Agata Smogorzewska, M.D., Ph.D.
Throughout its lifetime, a cell’s DNA is under constant metabolic and environmental assault that can lead to damage. If left unchecked, the resulting genome instability can initiate cancer and a variety of other human disorders. Using Fanconi anemia and other genetic diseases as a backdrop, Smogorzewska’s research aims to elucidate the pathways that protect organ function and prevent cancer, with a focus on those that replicate and repair DNA.
Research in the Laboratory of Genome Maintenance is focused on DNA repair, with special emphasis on repair that takes place during replication. The group’s interests are broad, ranging from the molecular function of proteins involved in the DNA damage response to the cellular and in vivo consequences of deficiencies in proper DNA replication and repair.
The DNA interstrand crosslink (ICL) is the prototype DNA lesion repaired during replication. ICLs covalently link the Watson and Crick strands of the DNA, and the repair of these lethal lesions requires a dual excision of the crosslinked bases as well as repair of the resulting double-strand breaks. This feat is accomplished in a multi-step process mediated by the Fanconi anemia (FA) pathway and factors that promote homologous recombination (HR), including BRCA1 and BRCA2. FA patients lack components of this pathway and suffer from bone marrow failure and infertility due to failures in the maintenance of hematopoietic and germline stem cells. FA is also associated with a very high incidence of cancer, most likely due to the mutagenic nature of incorrectly repaired ICLs.
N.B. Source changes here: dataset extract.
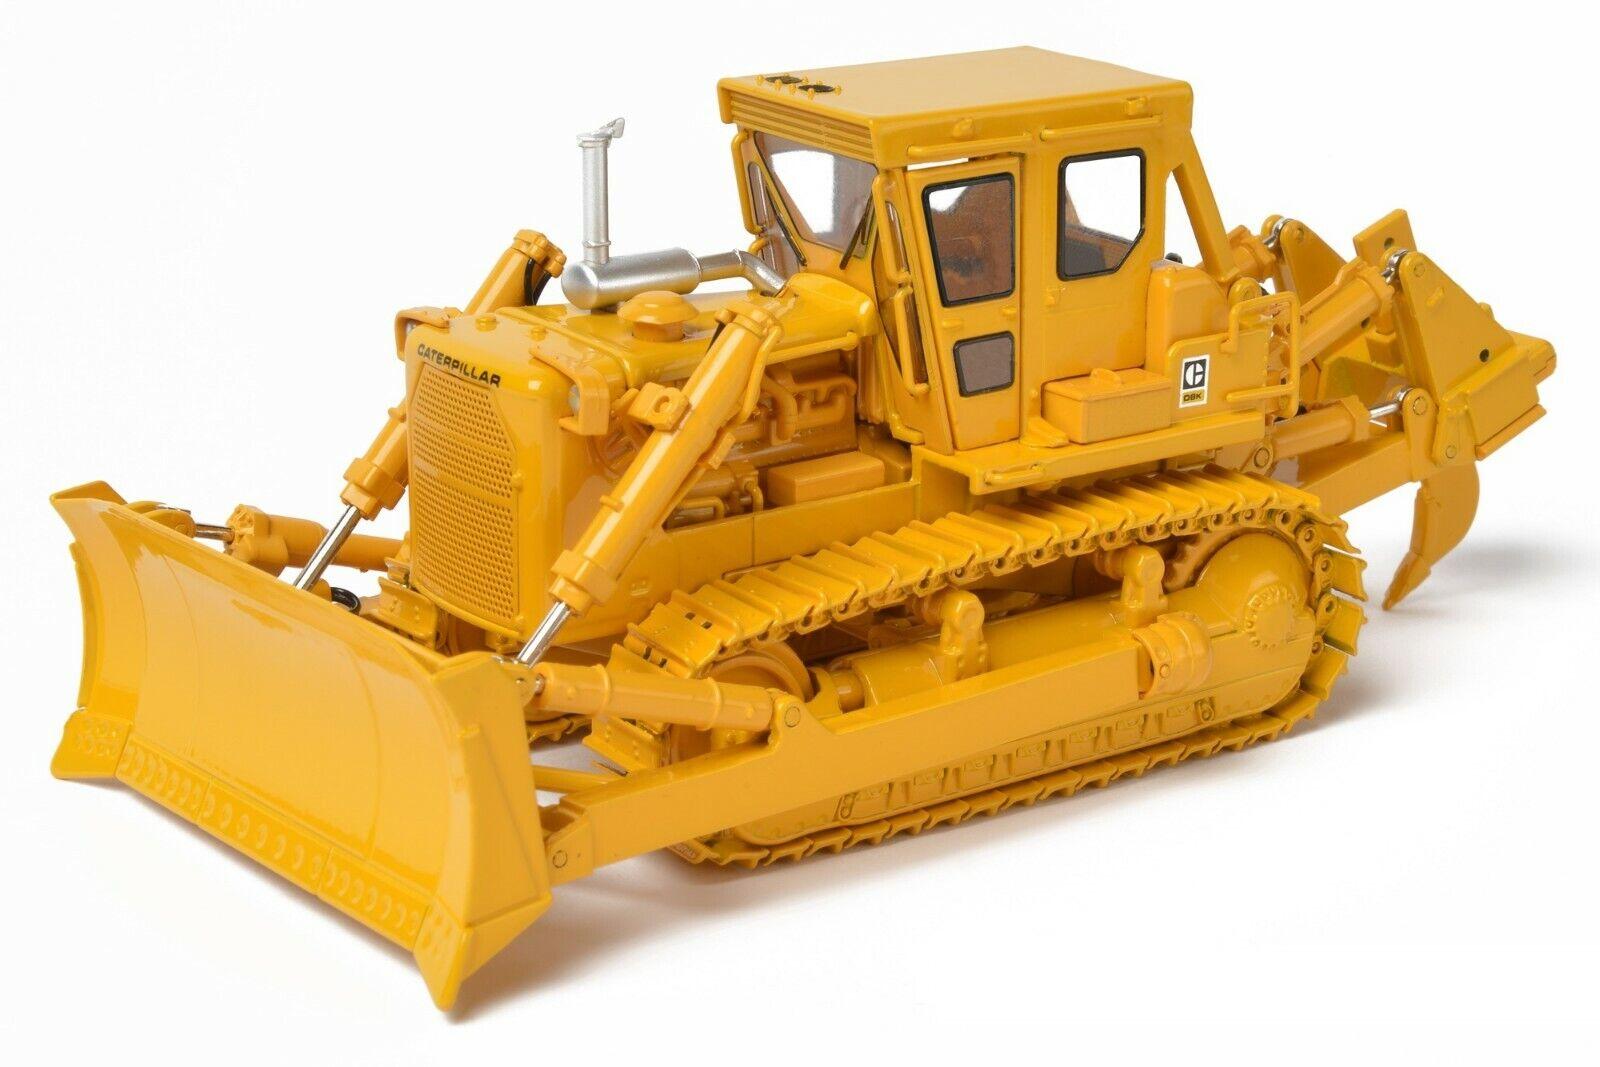 Caterpillar Cat D8K Dozer with S-Blade and Ripper  by CCM 1 48 Scale Model nouveau  les clients d'abord la réputation d'abord
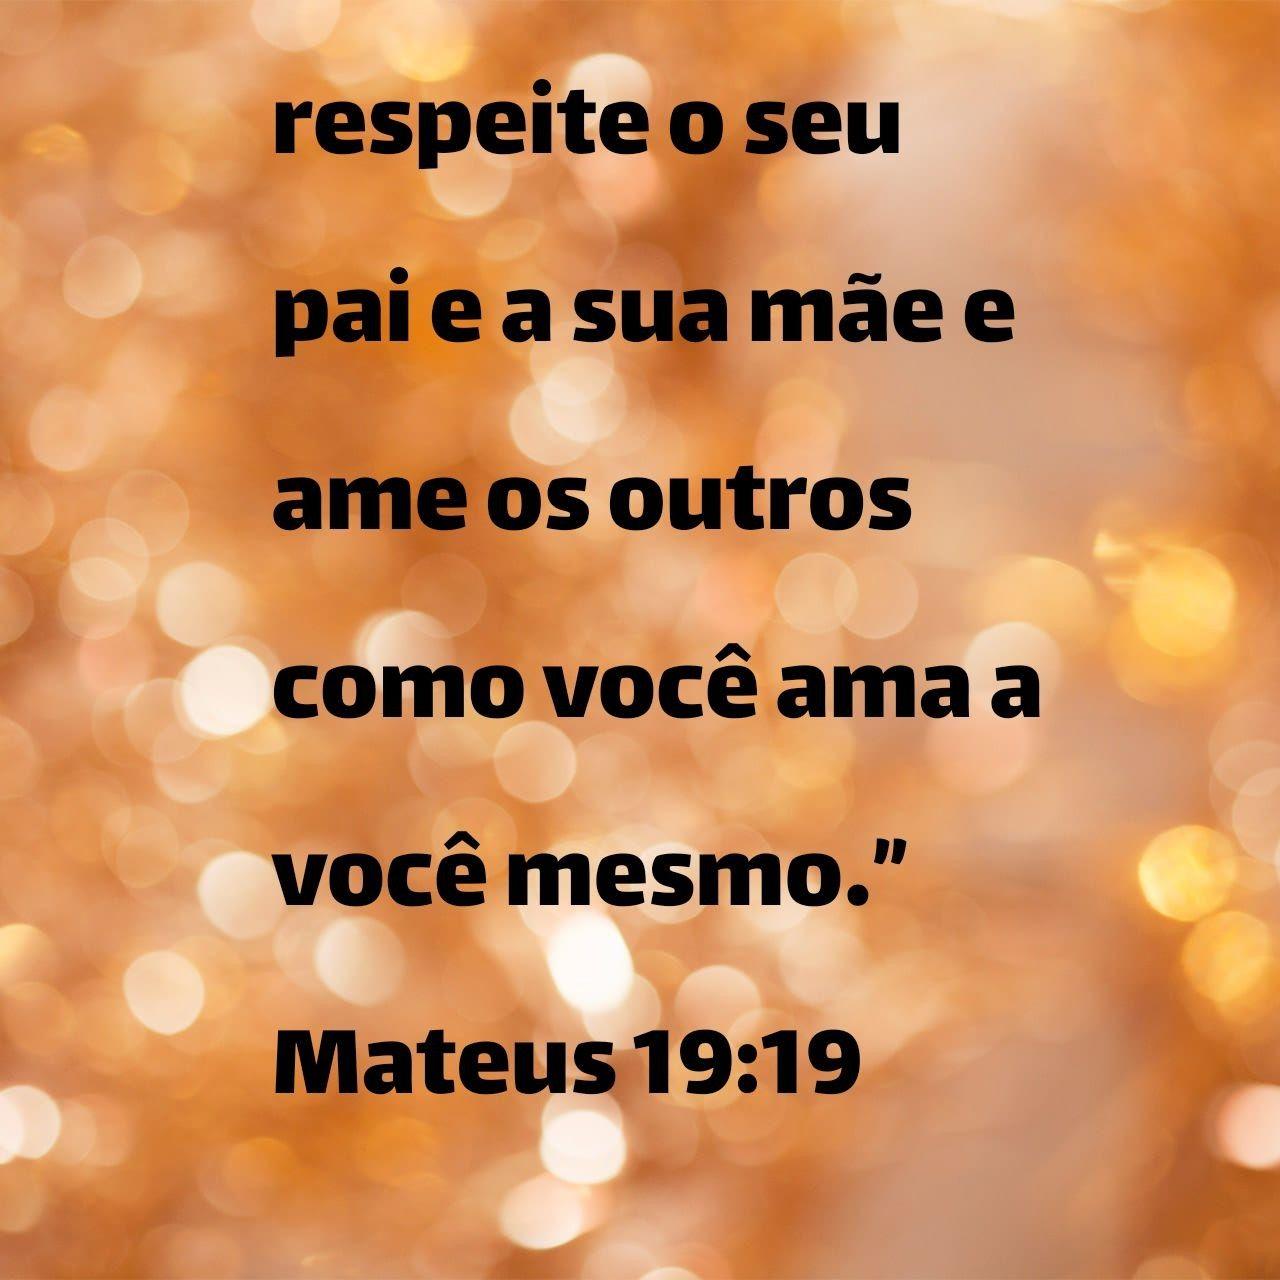 Pin De Mara Regina Santos Em Versículo Bíblico Frases Inspiracionais Versículos Bíblicos Amar Os Outros

In recent years, the lab has identified SLX4, RAD51, and UBE2T as genes mutated in Fanconi anemia patients. By identifying these and other novel genes in patients with FA and related disorders, the group is able to use insights and patient-derived tools in the quest to understand the mechanism of DNA repair at the cellular level. Currently, the prevention and treatment of tumors are the major clinical challenges for the disease. The lab is using next generation sequencing and functional analysis of identified variants to investigate the etiology and vulnerabilities of cancers in FA patients, with the goal of identifying biomarkers and treatment targets.
ICL repair deficiency is also associated with kidney and liver dysfunction. A rare human disease called karyomegalic interstitial nephritis (KIN) develops when FAN1, a nuclease that functions in ICL repair, is deficient. FAN1 has also been identified as a genetic modifier of Huntington’s disease (HD). The lab uses a mouse model of FAN1 deficiency to gain insights about the pathogenesis of KIN and HD, as well as to obtain global understanding of how genome maintenance pathways protect organ function.